Jamie Gaymer, Conservation Manager at Ol Jogi, takes me to see their workshop at the Conservancy. Here, a number of projects are underway. New concrete posts are being constructed for some of the wildlife corridors, which will help ensure that rhinos can’t break through the Conservancy’s boundaries where they could be exposed to a number of threats, while other wildlife can move more freely across the wider landscape. There are modifications being made to Ol Jogi’s new vehicle to ensure that it is best adapted to rangers’ needs and the terrain at the Conservancy. Similarly, this is where new equipment has recently been delivered, such as nano switches, solar panels and camera units, which will be used to install a complex camera system throughout Ol Jogi, not only used to monitor wildlife movements but also to provide another layer of security against any potential intruders.

Image of an older ranger house at Ol Jogi.

All of the projects are overseen by Jamie and Anthony, the Workshop Manager. In addition, Ol Jogi has recently started constructing new houses for rangers at outposts, after Anthony reviewed the old houses (built in the 1980s) and concluded they are no longer structurally safe. Anthony and Jamie trialled a new concept for the construction of these buildings, built from sandbags and covered with a layer of cement. This means that the walls are thick enough to provide insulation from hot and cold, in addition to being sound-proof, bullet-proof, and structurally incredibly strong.
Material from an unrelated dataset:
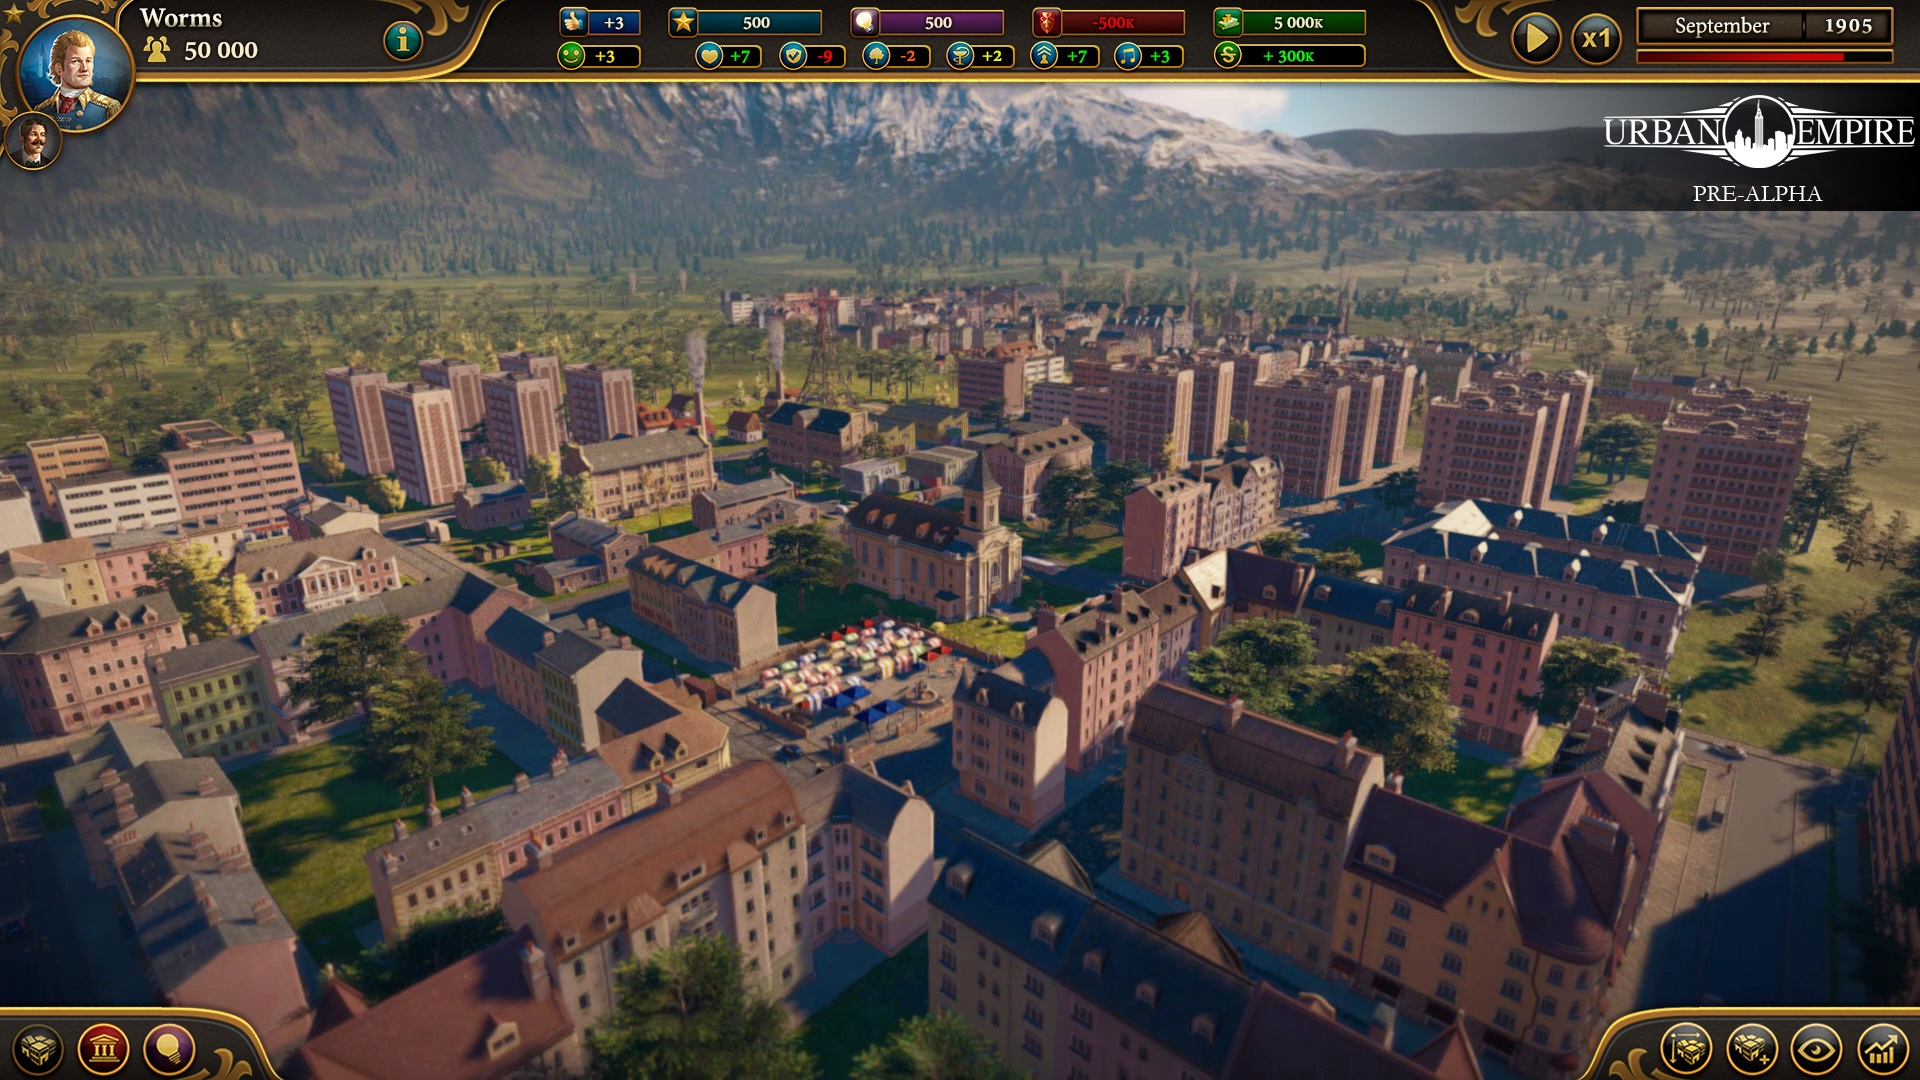 Urban Empire Screenshot 1

Image of new ranger house in Ol Jogi, Kenya

The first house, comprising of two rooms, a kitchen area, a shower, and gutters to collect rain water, has now been almost completely finished thanks to funding from our donors including Berlin Zoo, Tierpark Berlin and Hannover Zoo! The next house will be constructed from local stone, after which Jamie and Anthony will conduct a full cost-sensitivity analysis to evaluate what is the most efficient approach in this environment.

The new ranger houses will provide a comfortable and safe place for rangers to rest between their patrols, helping to provide a much-needed morale-boost to rangers protecting rhinos at Ol Jogi.

While these projects might seem quite basic, all of them contribute to maintaining high levels of security and protection of rhinos at Ol Jogi, as well as keeping the staff motivated to do their job safely and happily.